### TASK OBJECTIVE
Below are records with pictures in them. Transcribe everything from the line containing "Germany's Andre Schuerrle" down to the line containing "on the desktop", exactly, and leave the pictures behind.

### SUPPLIED DATA
_ _ _ _ _

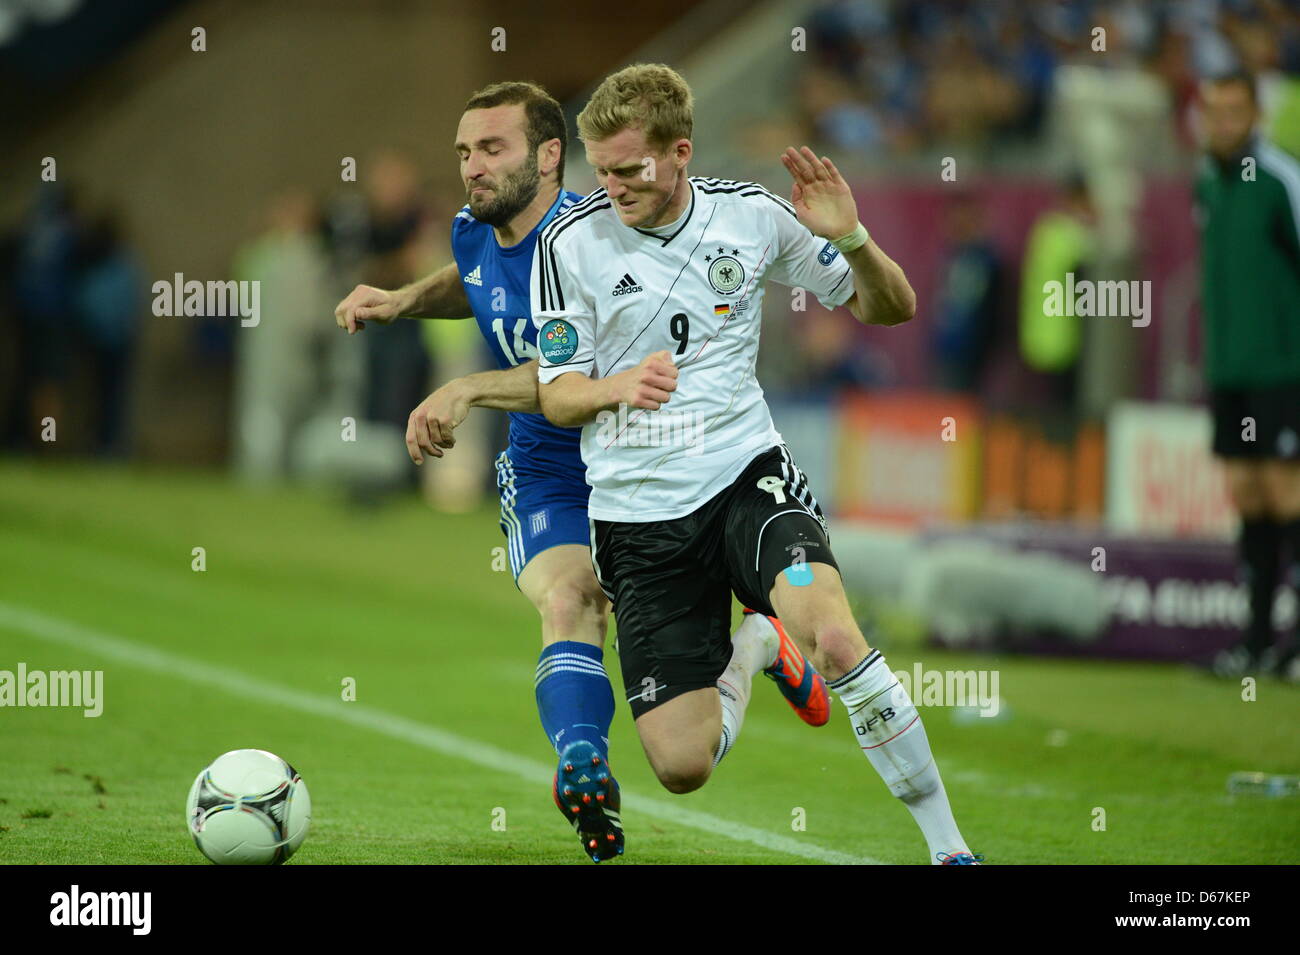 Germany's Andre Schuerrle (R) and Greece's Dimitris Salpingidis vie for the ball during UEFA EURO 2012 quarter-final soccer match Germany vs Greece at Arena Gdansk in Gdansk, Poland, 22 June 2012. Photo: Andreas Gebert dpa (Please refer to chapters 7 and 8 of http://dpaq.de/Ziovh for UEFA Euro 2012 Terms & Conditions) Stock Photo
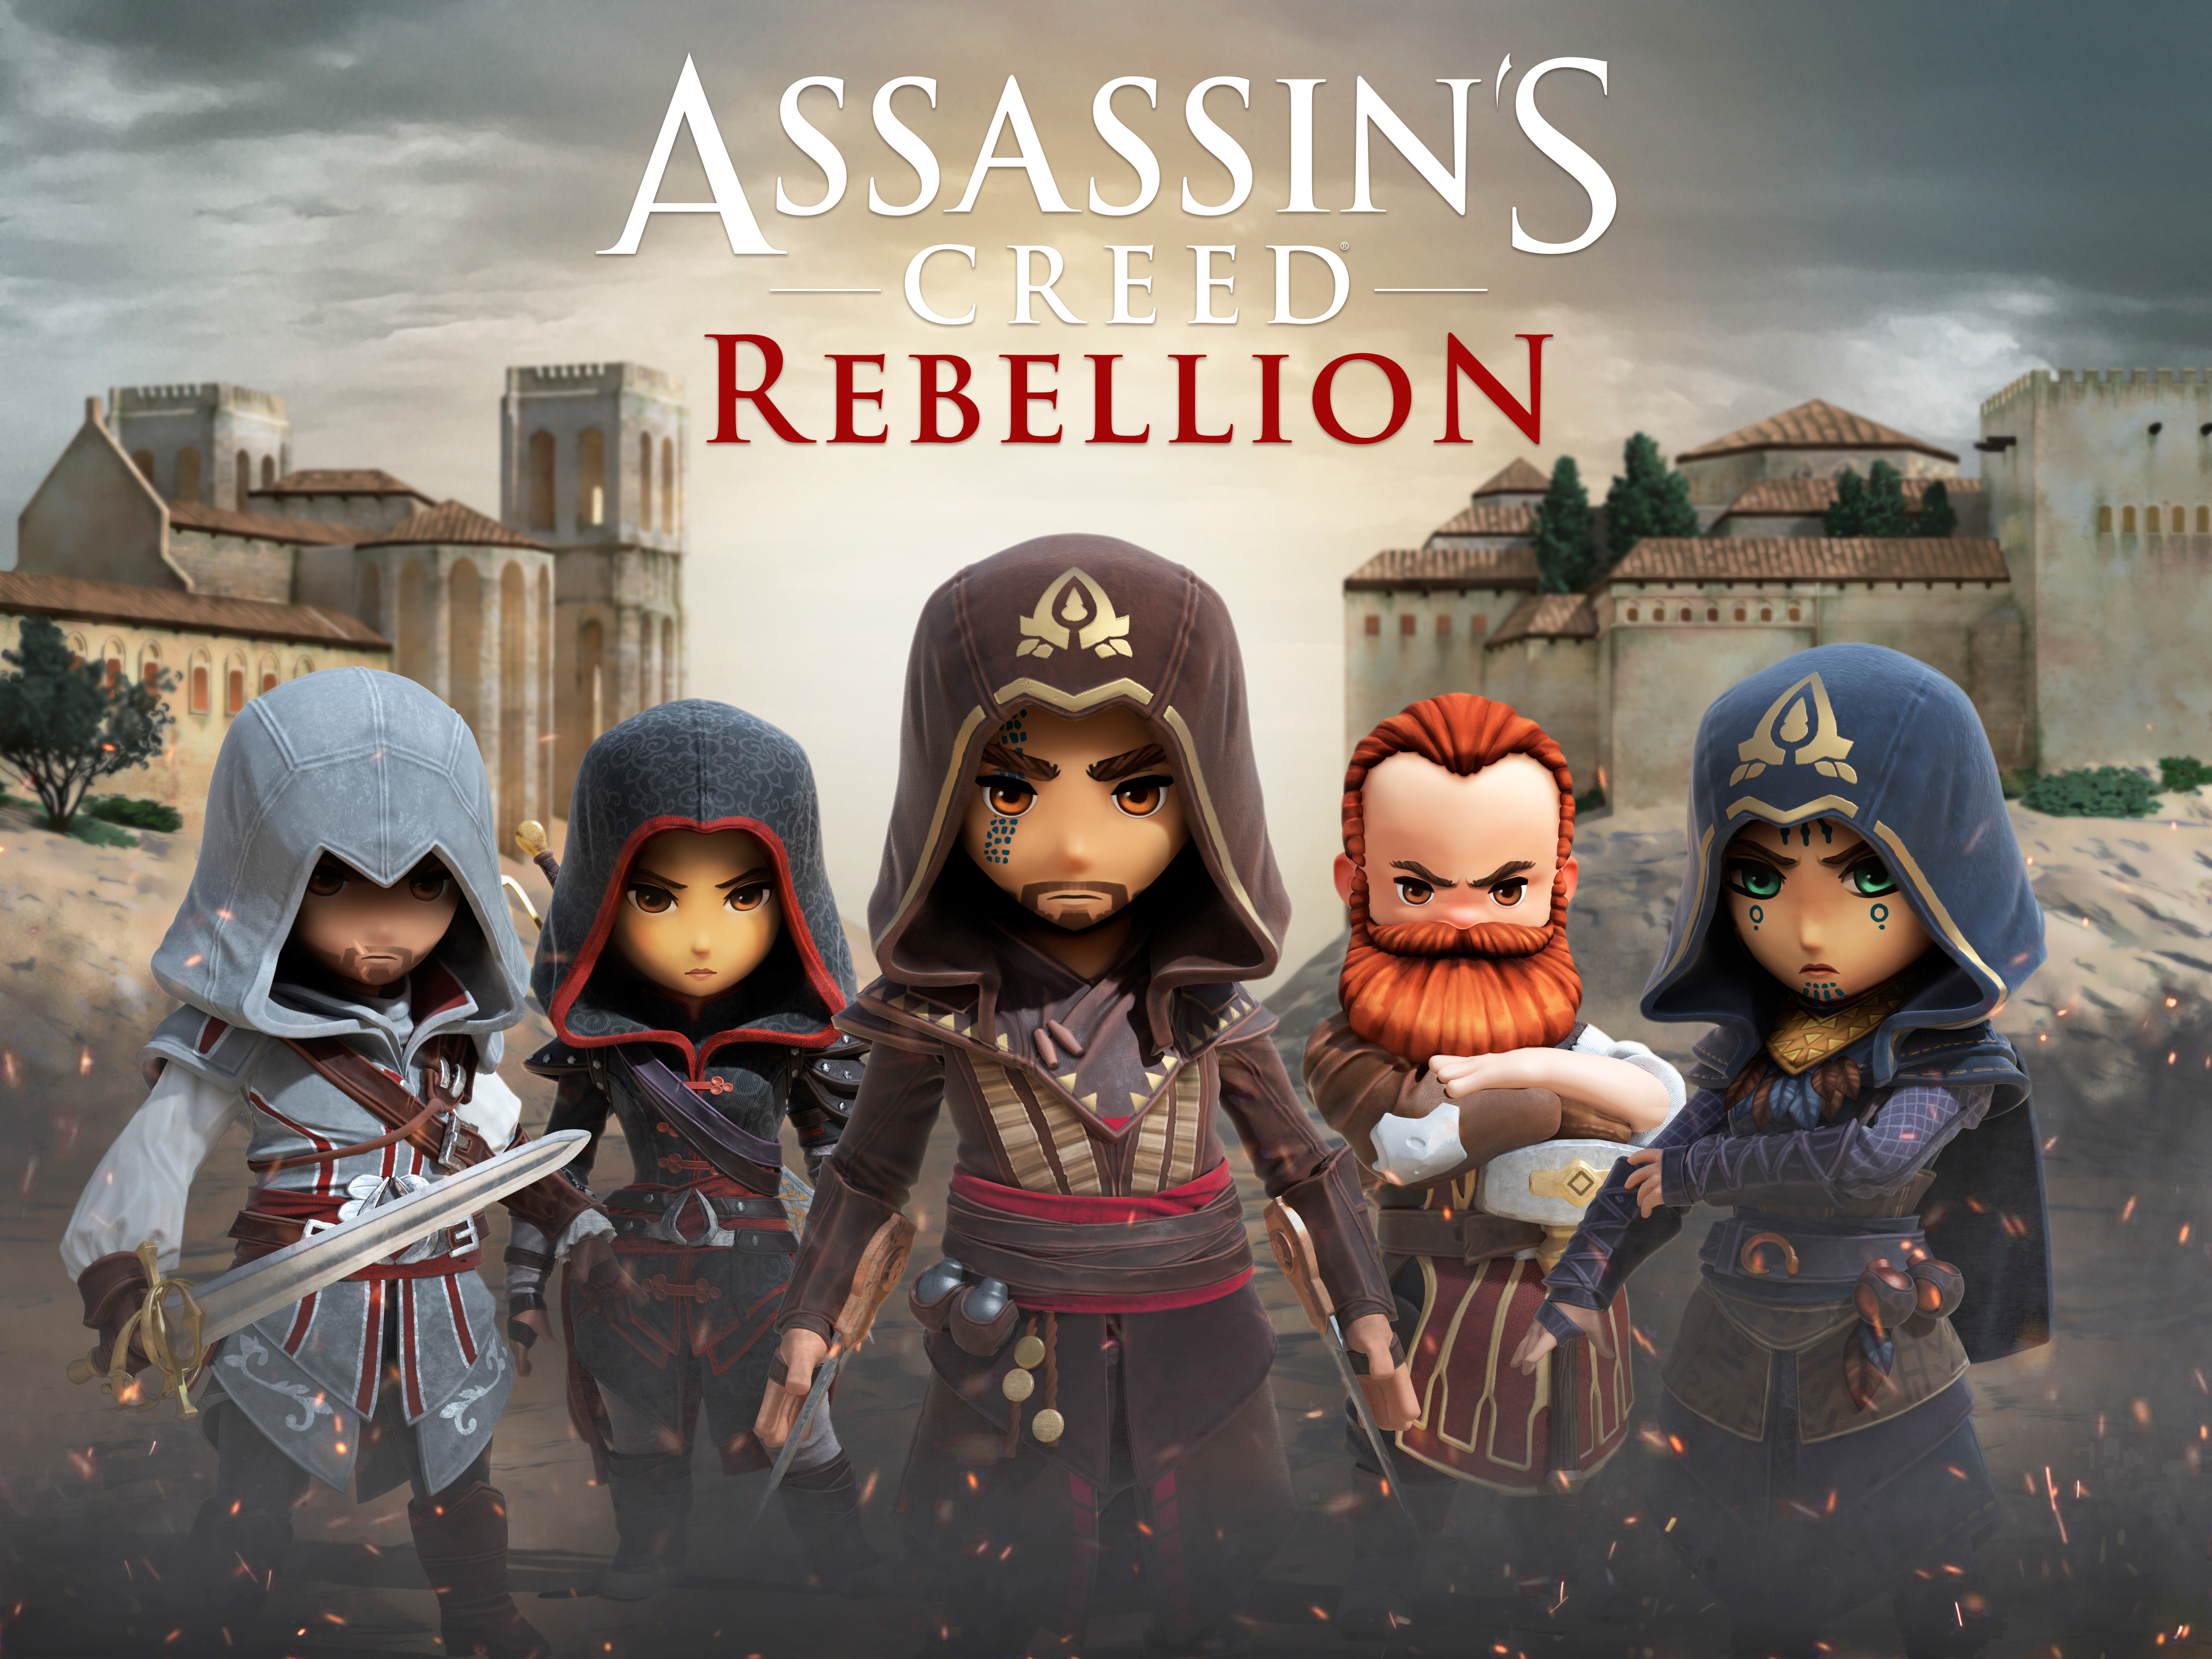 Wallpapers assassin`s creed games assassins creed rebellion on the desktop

_ _ _ _ _

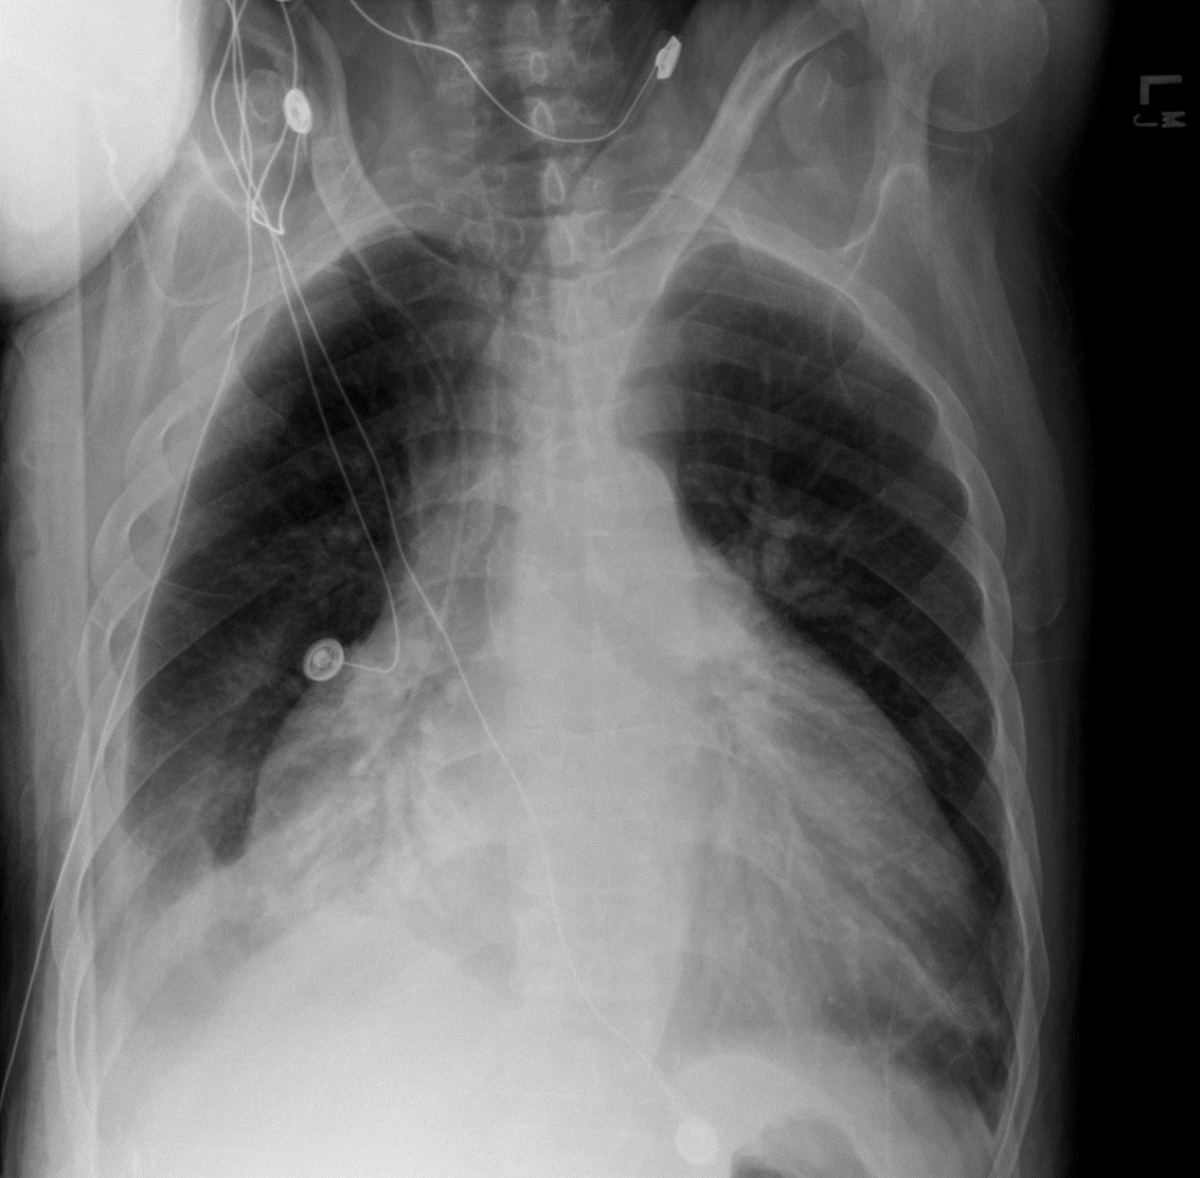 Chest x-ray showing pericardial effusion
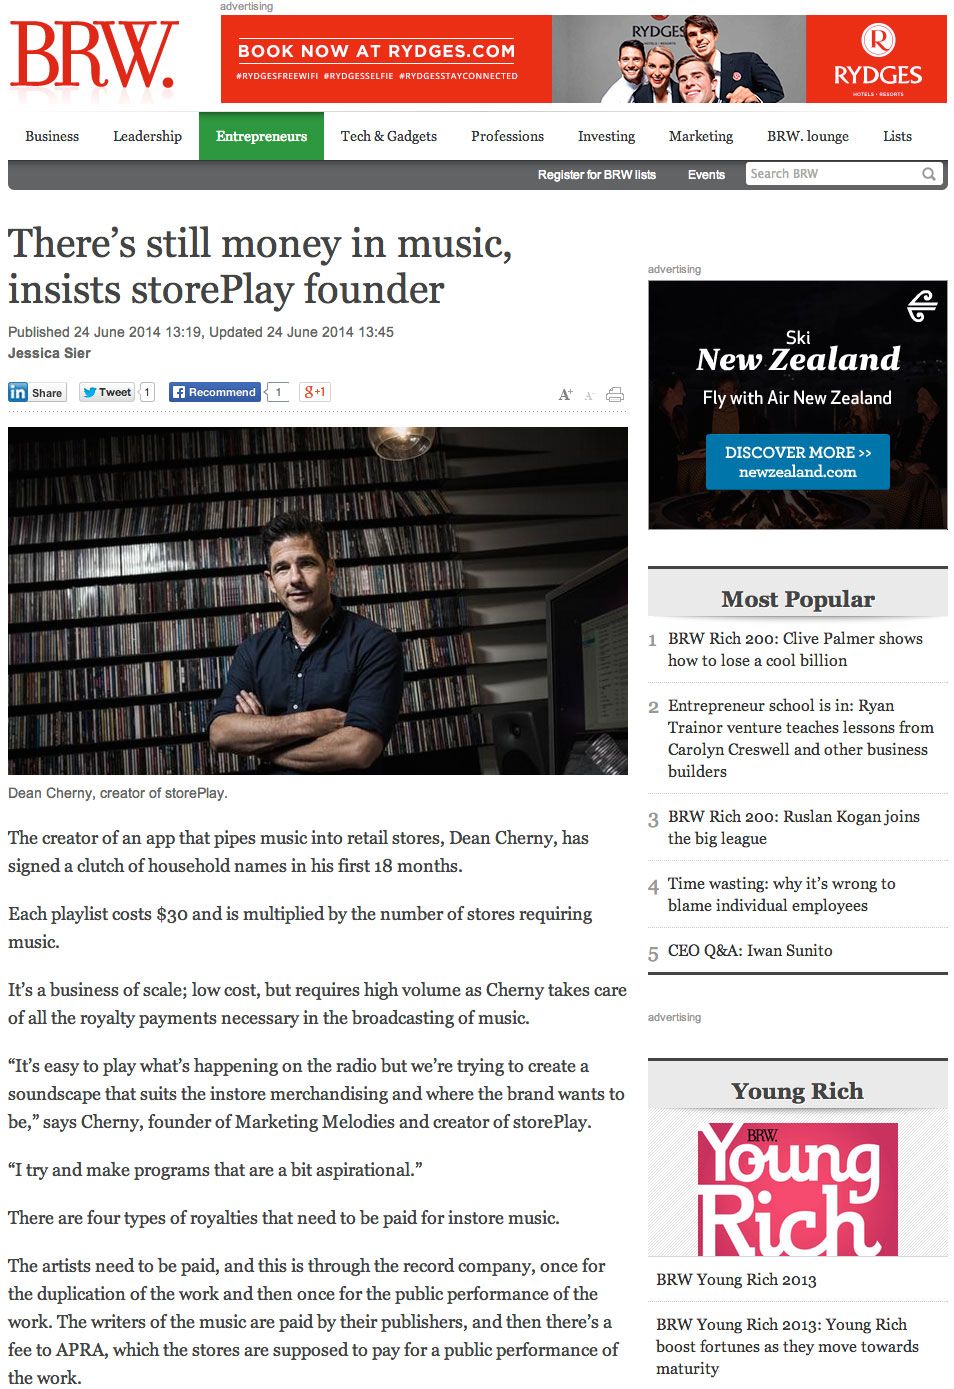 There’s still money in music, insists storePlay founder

_ _ _ _ _

### TASK OUTPUT
 Germany's Andre Schuerrle (R) and Greece's Dimitris Salpingidis vie for the ball during UEFA EURO 2012 quarter-final soccer match Germany vs Greece at Arena Gdansk in Gdansk, Poland, 22 June 2012. Photo: Andreas Gebert dpa (Please refer to chapters 7 and 8 of http://dpaq.de/Ziovh for UEFA Euro 2012 Terms & Conditions) Stock Photo
 Wallpapers assassin`s creed games assassins creed rebellion on the desktop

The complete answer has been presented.